▼▼▼
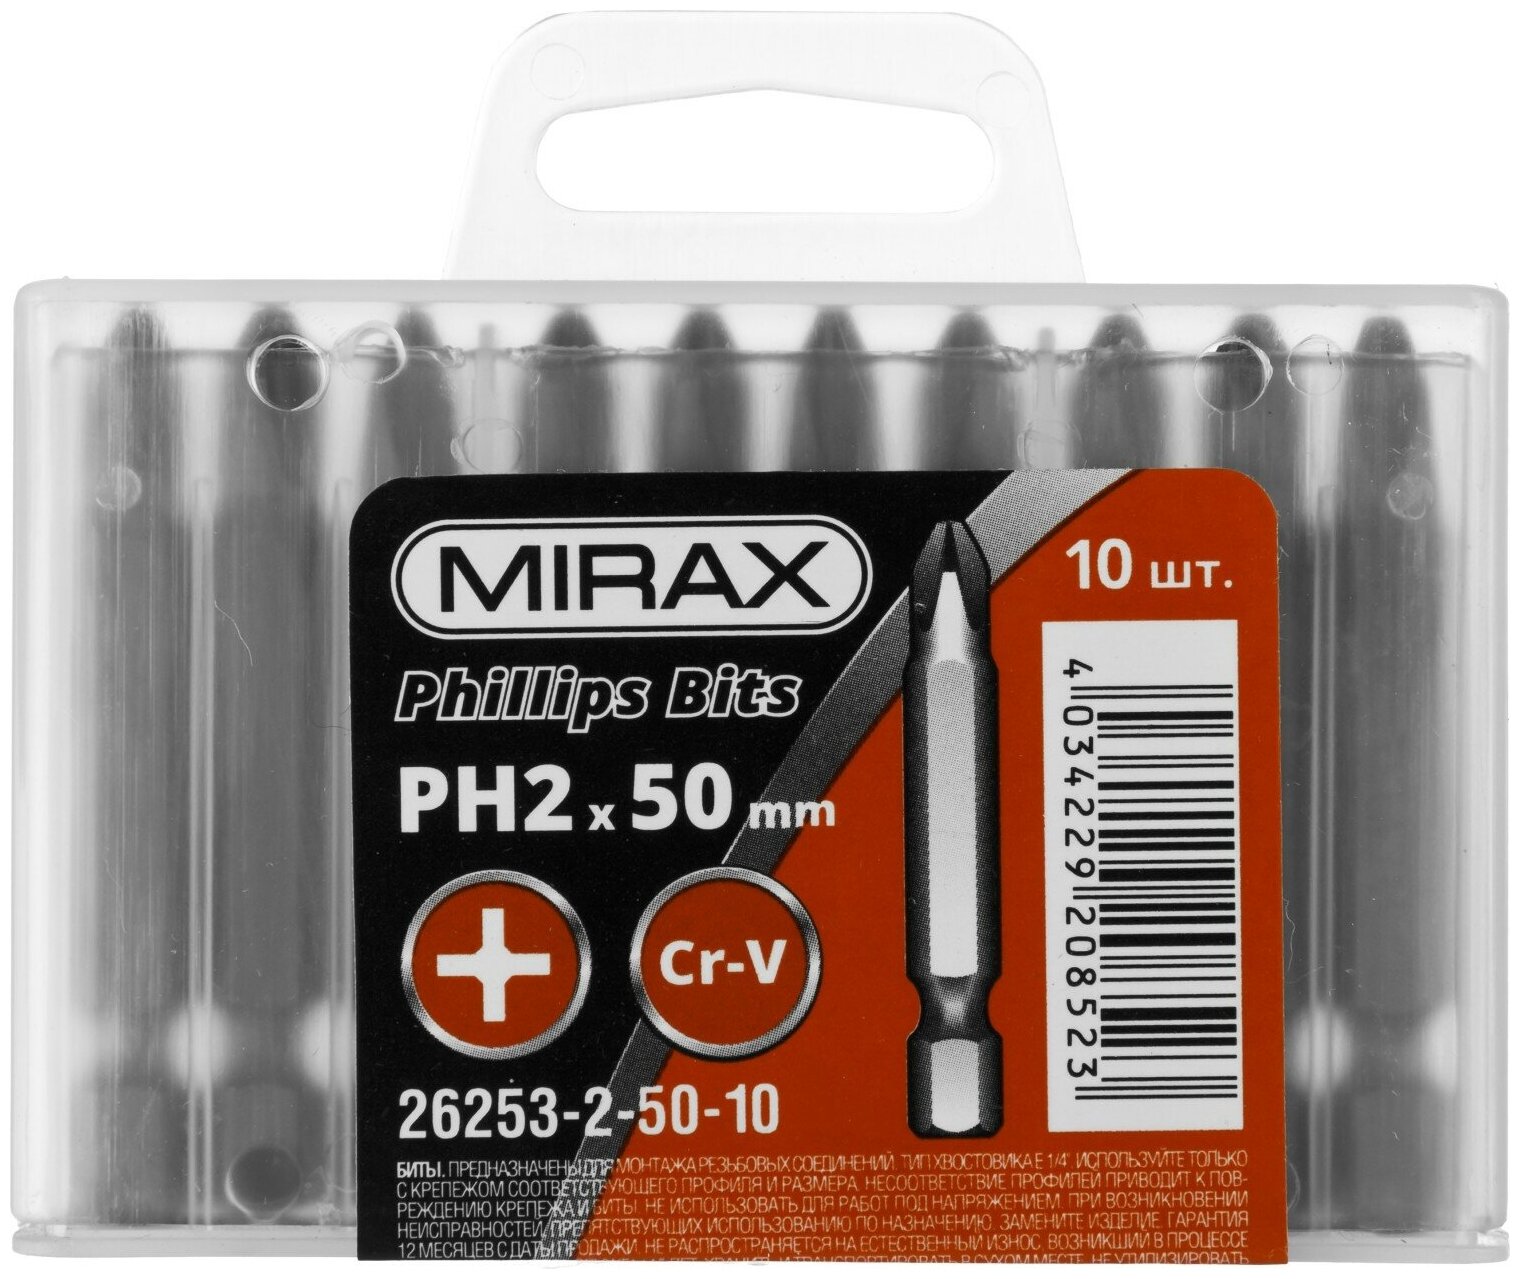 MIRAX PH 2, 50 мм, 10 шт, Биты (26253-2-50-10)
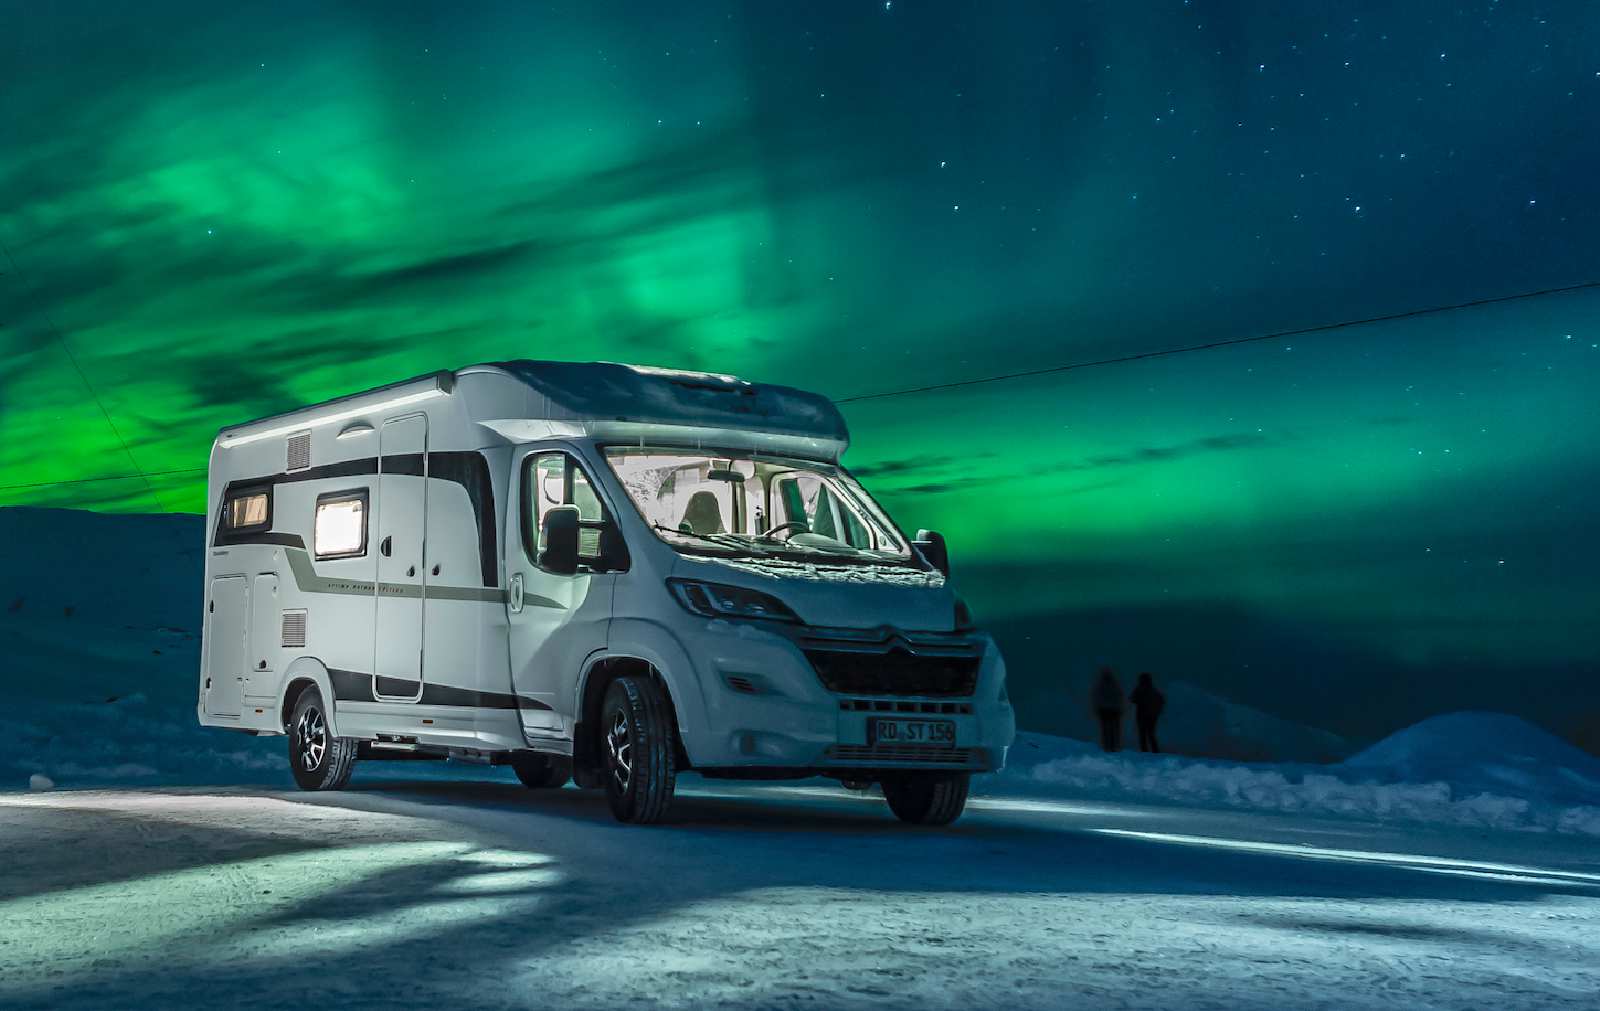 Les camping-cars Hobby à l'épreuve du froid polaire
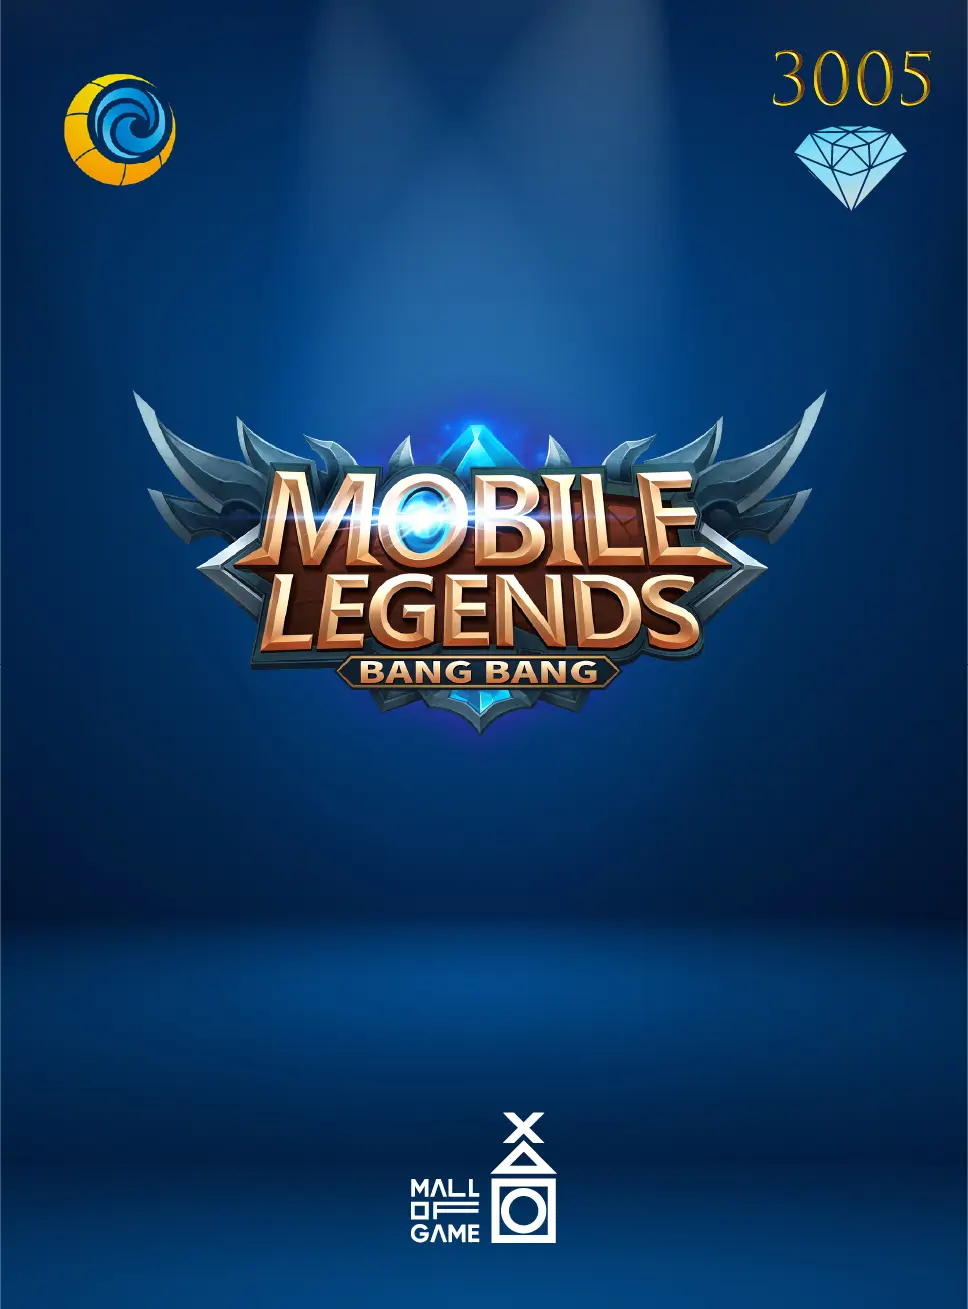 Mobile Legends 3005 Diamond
▲▲▲
The listing above should be returned word for word, with pictures omitted.

 MIRAX PH 2, 50 мм, 10 шт, Биты (26253-2-50-10)
 Les camping-cars Hobby à l'épreuve du froid polaire
 Mobile Legends 3005 Diamond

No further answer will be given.